Another way to mitigate this effect is by the help of two simultaneous TCP connections, as explained in [
MMSys11] for Microsoft Smooth Streaming. In some cases, the system-level TCP slow-start restart can also be disabled, for example, as described in [
OReilly-HPBN].
In addition to smoothing over an appropriate time scale to handle network jitter (see [
RFC 5481]), ABR systems relying on measurements at the application layer also have to account for noise from the in-order data transmission at the transport layer.
For instance, in the event of a lost packet on a TCP connection with SACK support (a common case for segmented delivery in practice), loss of a packet can provide a confusing bandwidth signal to the receiving application. Because of the sliding window in TCP, many packets may be accepted by the receiver without being available to the application until the missing packet arrives. Upon the arrival of the one missing packet after retransmit, the receiver will suddenly get access to a lot of data at the same time.
To a receiver measuring bytes received per unit time at the application layer and interpreting it as an estimate of the available network bandwidth, this appears as a high jitter in the goodput measurement, presenting as a stall followed by a sudden leap that can far exceed the actual capacity of the transport path from the server when the hole in the received data is filled by a later retransmission.
As many end devices have moved to wireless connections for the final hop (such as Wi-Fi, 5G, LTE, etc.), new problems in bandwidth detection have emerged.
In most real-world operating environments, wireless links can often experience sudden changes in capacity as the end user device moves from place to place or encounters new sources of interference. Microwave ovens, for example, can cause a throughput degradation in Wi-Fi of more than a factor of 2 while active [
Micro].
These swings in actual transport capacity can result in user experience issues when interacting with ABR algorithms that are not tuned to handle the capacity variation gracefully.
Media players use measurements to guide their segment-by-segment adaptive streaming requests but may also provide measurements to streaming media providers.
In turn, media providers may base analytics on these measurements to guide decisions, such as whether adaptive encoding bitrates in use are the best ones to provide to media players or whether current media content caching is providing the best experience for viewers.
To that effect, the Consumer Technology Association (CTA), who owns the Web Application Video Ecosystem (WAVE) project, has published two important specifications.
-
CTA-2066: Streaming Quality of Experience Events, Properties and Metrics
[
CTA-2066] specifies a set of media player events, properties, QoE metrics, and associated terminology for representing streaming media QoE across systems, media players, and analytics vendors. While all these events, properties, metrics, and associated terminology are used across a number of proprietary analytics and measurement solutions, they were used in slightly (or vastly) different ways that led to interoperability issues.
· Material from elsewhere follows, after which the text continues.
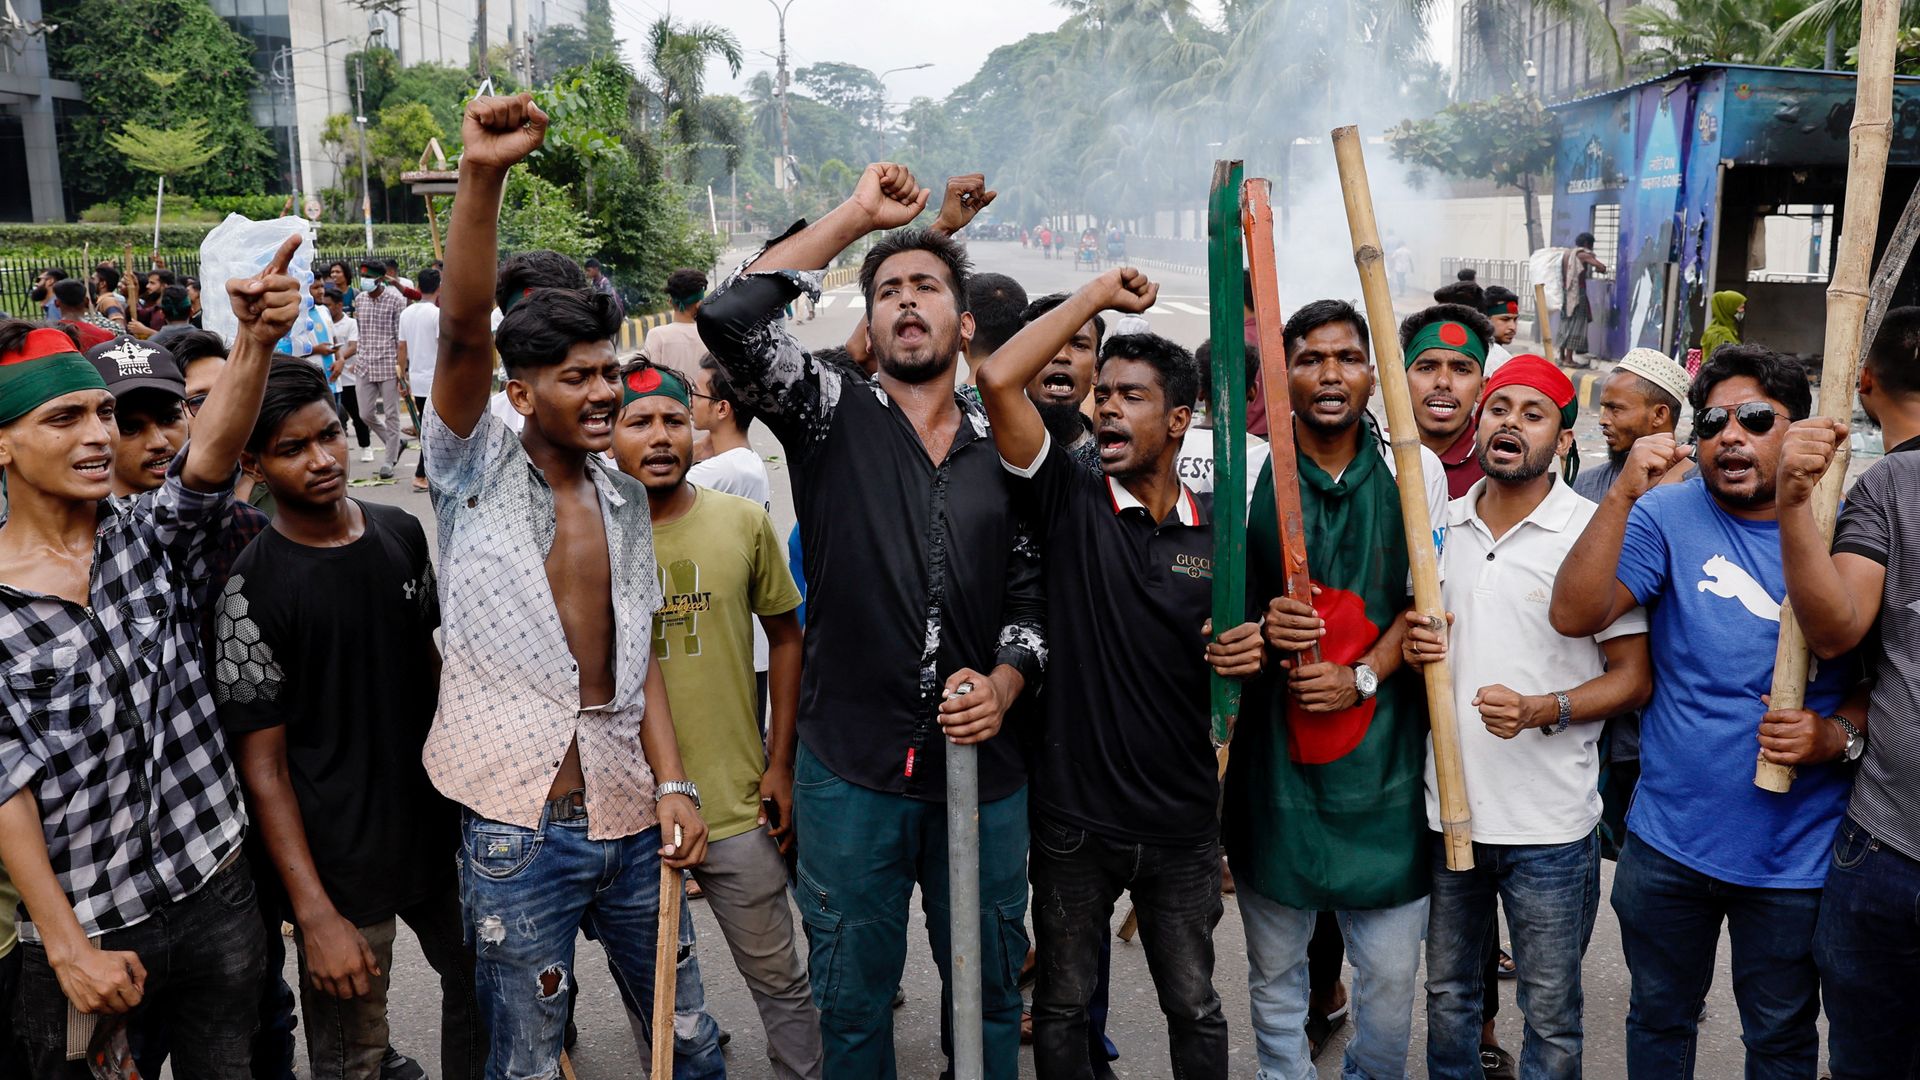 Almost 100 people killed in Bangladesh protests as nationwide curfew imposed

CTA-2066 attempts to address this issue by defining common terminology and how each metric should be computed for consistent reporting.
-
CTA-5004: Web Application Video Ecosystem - Common Media Client Data (CMCD)
Many assume that the CDNs have a holistic view of the health and performance of the streaming clients. However, this is not the case. The CDNs produce millions of log lines per second across hundreds of thousands of clients, and they have no concept of a "session" as a client would have, so CDNs are decoupled from the metrics the clients generate and report. A CDN cannot tell which request belongs to which playback session, the duration of any media object, the bitrate, or whether any of the clients have stalled and are rebuffering or are about to stall and will rebuffer. The consequence of this decoupling is that a CDN cannot prioritize delivery for when the client needs it most, prefetch content, or trigger alerts when the network itself may be underperforming. One approach to couple the CDN to the playback sessions is for the clients to communicate standardized media-relevant information to the CDNs while they are fetching data. [
CTA-5004] was developed exactly for this purpose.